Se fossi la Madonna benedirei qualcuno. Però la Madonna non la sento come parte mia, come figura non me la sento. E' una cosa di chiesa e quindi non mi ci vedo nella parte. Non voglio prendere in giro le cose della Chiesa, sarebbe un peccato, un sacrilegio profano. Profanare la figura non bisognerebbe mai, entrare in chiesa allegramente a chiacchierare e bestemmiare non si fa. O si va in chiesa convinti o se no si può fare a meno e andare al bar. Io sono una donna più da bar sinceramente, o da oratorio coi giovani.

Sono tempi brutti da un lato, belli da un altro, un po' movimentati. La gente non sa più dove va, non sa più dove sbattere la testa. Comprare dei capi firmati non è facile, sono un po' troppo cari. Poi c'è il terrorismo, un problema che è nato da diverso tempo: persone che fanno quegli atti osceni in pubblico, persone arroganti, che non hanno una via di mezzo, che non amano la simpatia della gente e continuano a fare stronzate, a rompere bottiglie di birra, buttare siringhe ovunque.

Quando ero piccola mettevo la camicia da notte e scalciavo nel sonno, dormivo per un periodo con mia nonna e mi diceva: “Basta con ste gambe! Sta ferma!”. Mia nonna era grossa, con le gambe grosse, faceva scricchiolare il letto.
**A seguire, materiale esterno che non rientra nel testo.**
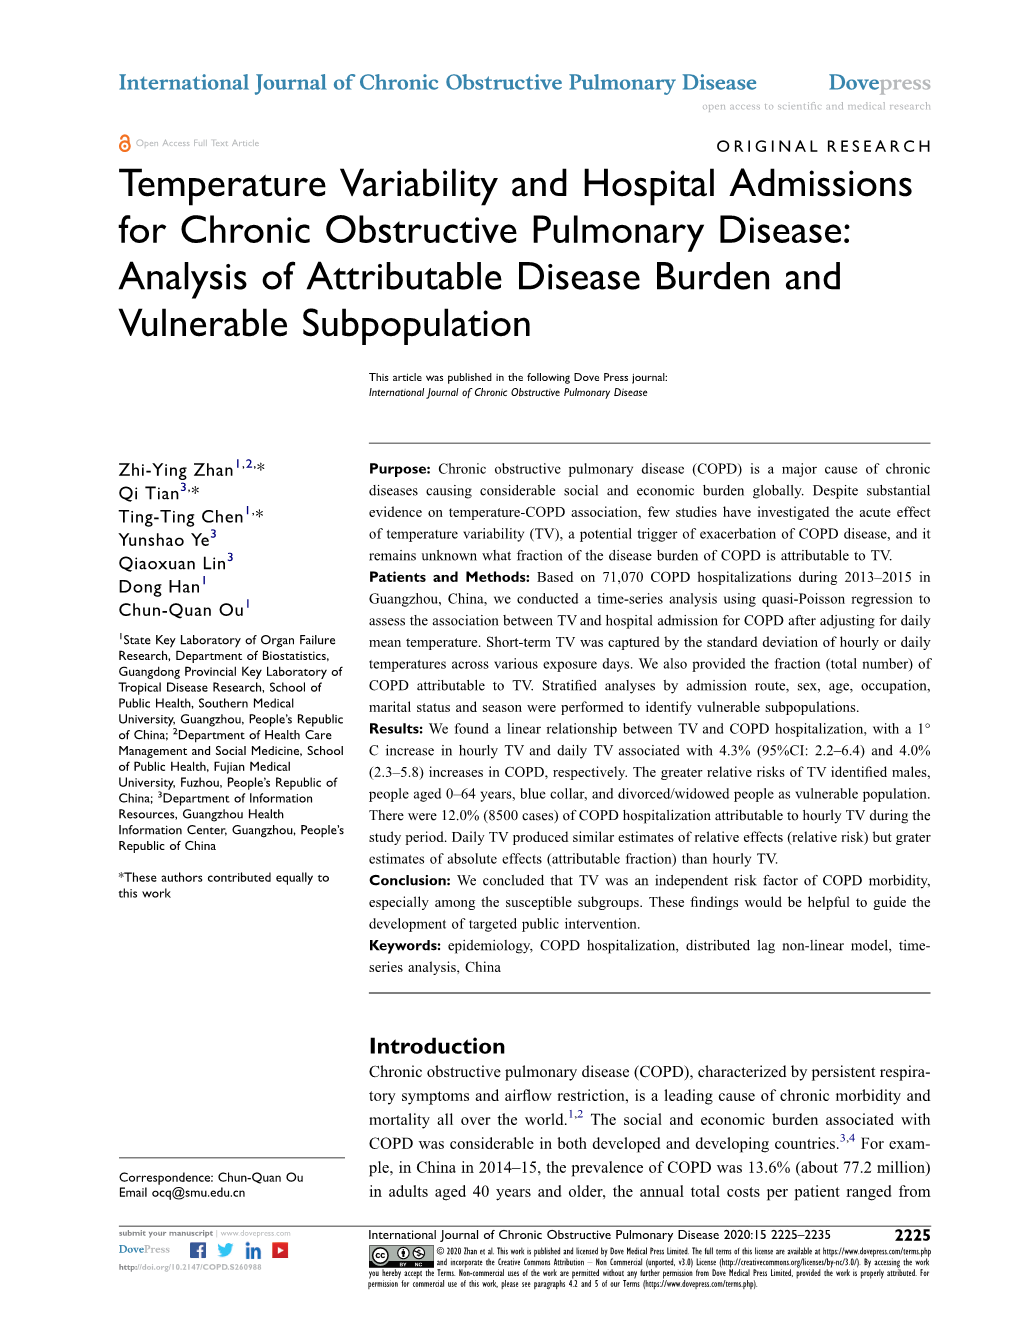 Temperature Variability and Hospital Admissions for Chronic Obstructive Pulmonary Disease: Analysis of Attributable Disease Burden and Vulnerable Subpopulation

Era un periodo che non mi ricordo bene, ma mi ricordo che scalciavo nel sonno, muovevo il lenzuolo e lo tiravo da una parte all'altra, non potevo comandare le gambe. Forse volevo essere più libera nella vita, non sono mai stata libera al 100% cento, ero libera solo nei miei sogni. Mi sarebbe piaciuto ma non era possibile.

Mia mamma leggeva i libri dell'aldilà, ma non lo faceva con cattiveria. Mi diceva che nel libro si parlava di un corridoio lunghissimo pieno di persone attirate verso una luce che dava pace e serenità, mentre il buio rifletteva la morte. Mi raccontava che la morte è una cosa bellissima dove trovi pace e riposo e vedi i morti come se fossero vivi, la vedeva in modo positivo, abbastanza, senza esagerare.